The creation of good wage laborers therefore required the disciplining of workers, forming habits necessary for industrial capital. This disciplining took many forms, from schooling, religious changes, and the introduction of more clocks and watches, to the suppression of non-work activities, and laws such as the “bloody code” that made it virtually impossible to exist outside of the context of wage-labor (see Thompson 1967, Federici 2014). Importantly, such a transformation of the workforce included an attempt to stamp out the magical beliefs of the workforce, and an attempt to replace such a worldview, practices and habits (we’ll call this a weltanschauung) with a scientific weltanshauung.
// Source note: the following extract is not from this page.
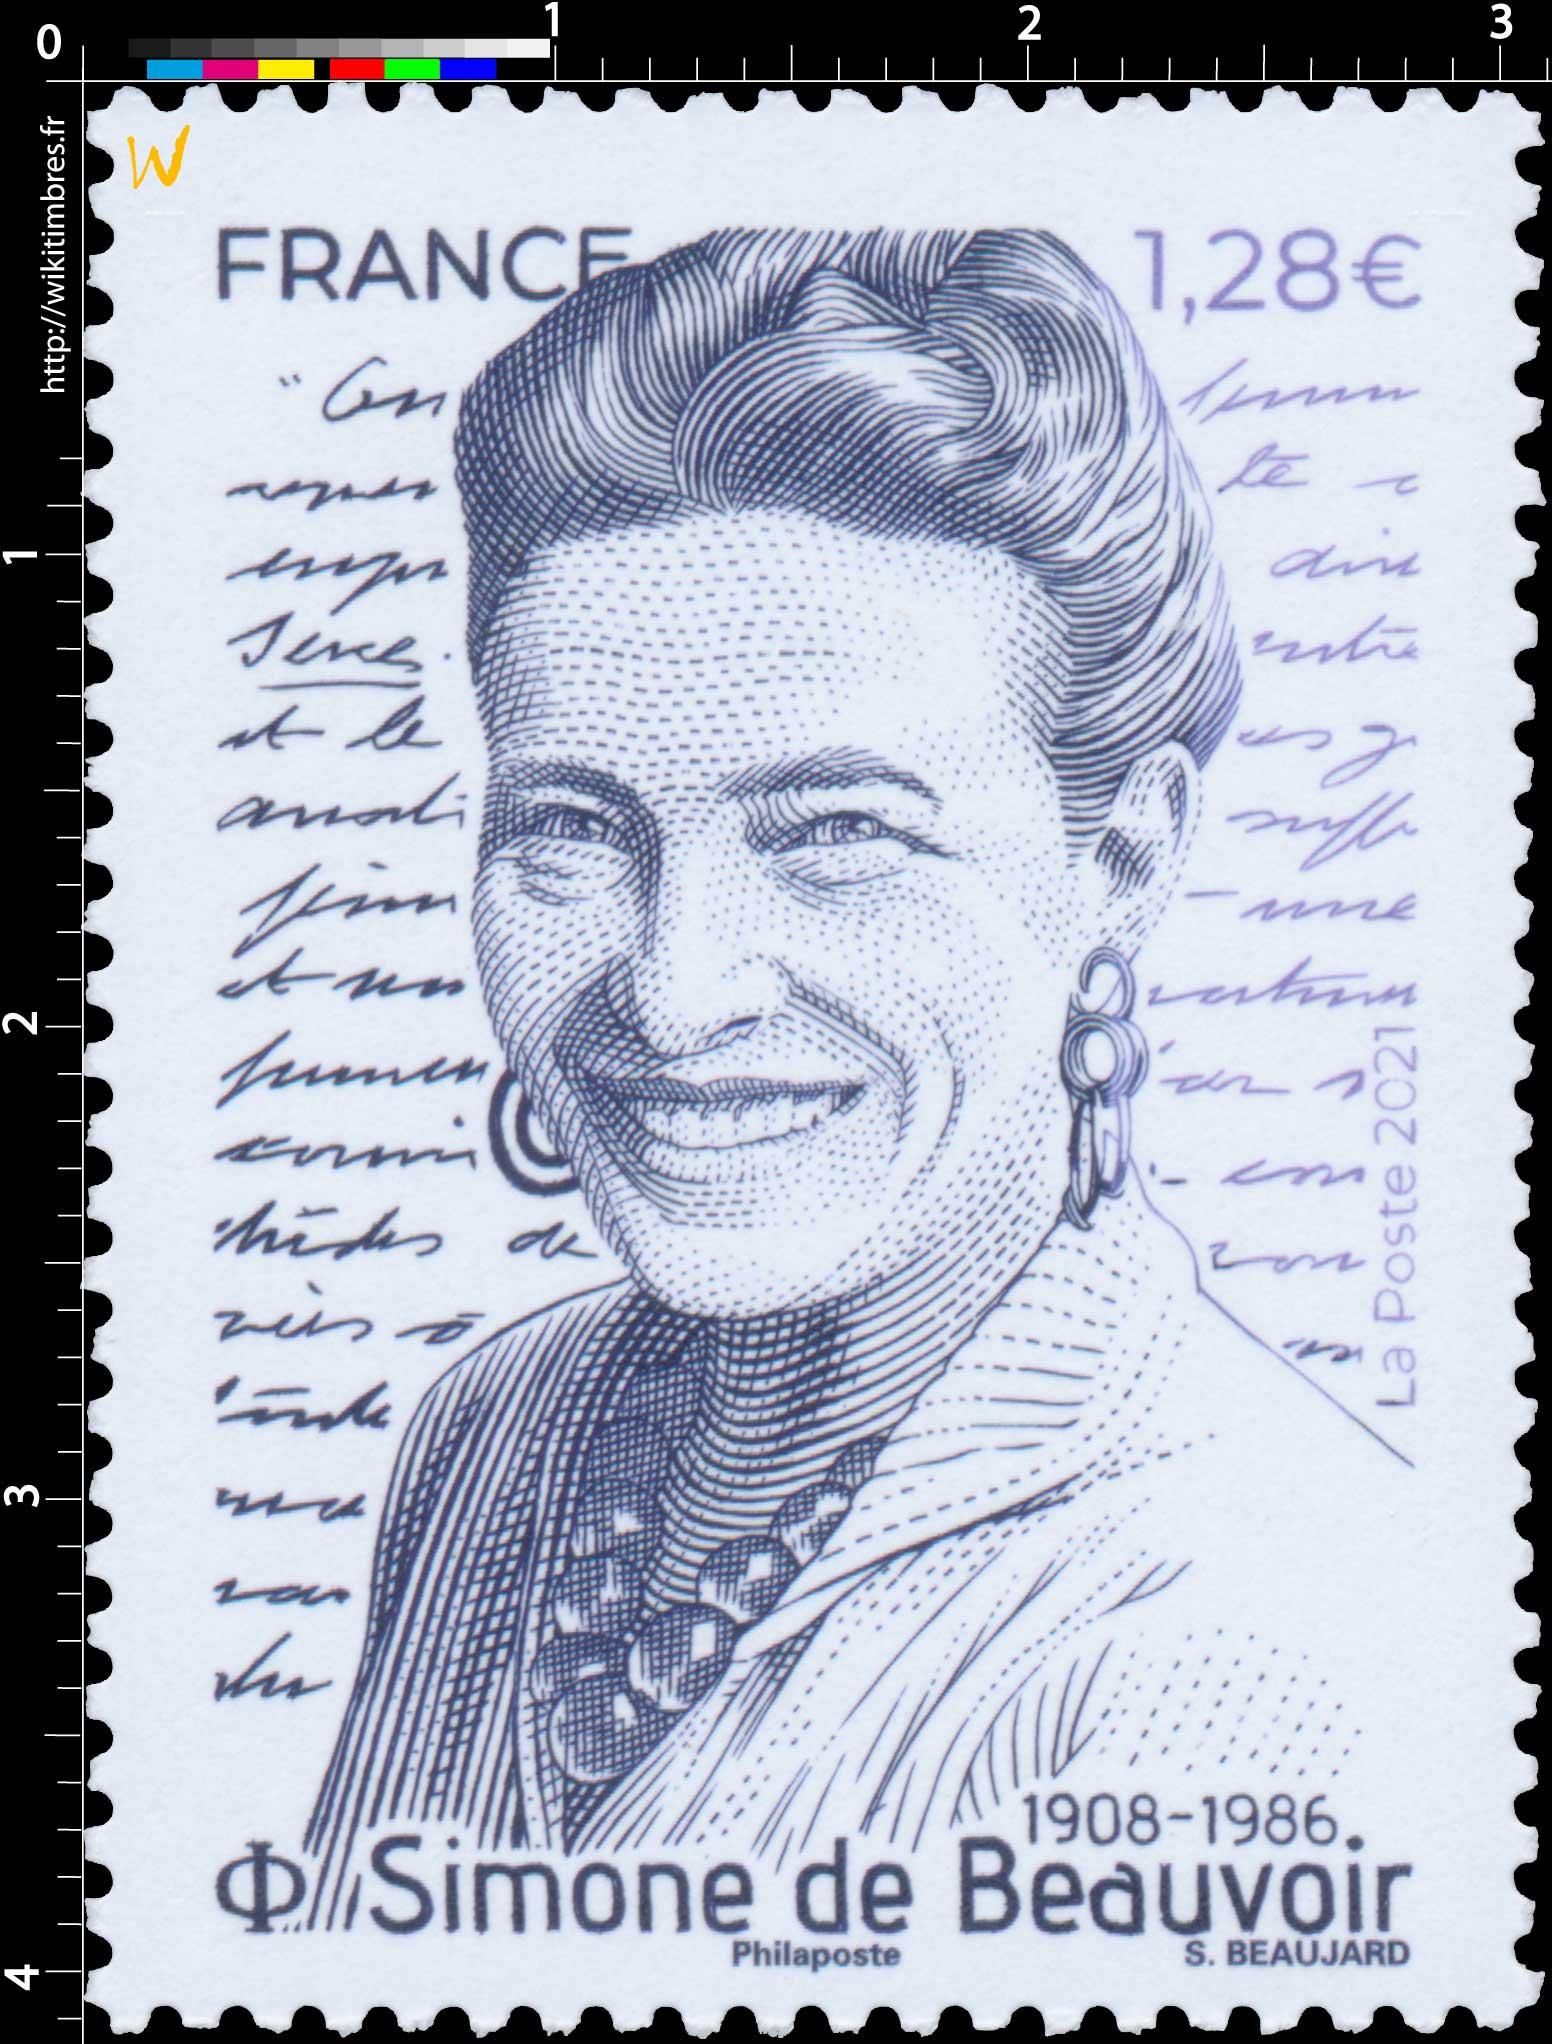 2021 Simone de Beauvoir 1908 - 1986

Federici identifies a central part of this attempt to upend the weltanshauung with the witch hunts that took place in the middle of the last millennium: when hundreds of thousands of people (mostly women) were tortured and executed for practicing, or appearing to practice, various forms of magic. Federici summarizes this social upheaval nicely: “What died was the concept of the body as a receptacle of magical powers that had prevailed in the medieval world. In reality, it was destroyed. For in the background of the new philosophy we find a vast initiative by the state, whereby what the philosophers classified as “irrational” was branded as a crime” (Federici 2014, 140).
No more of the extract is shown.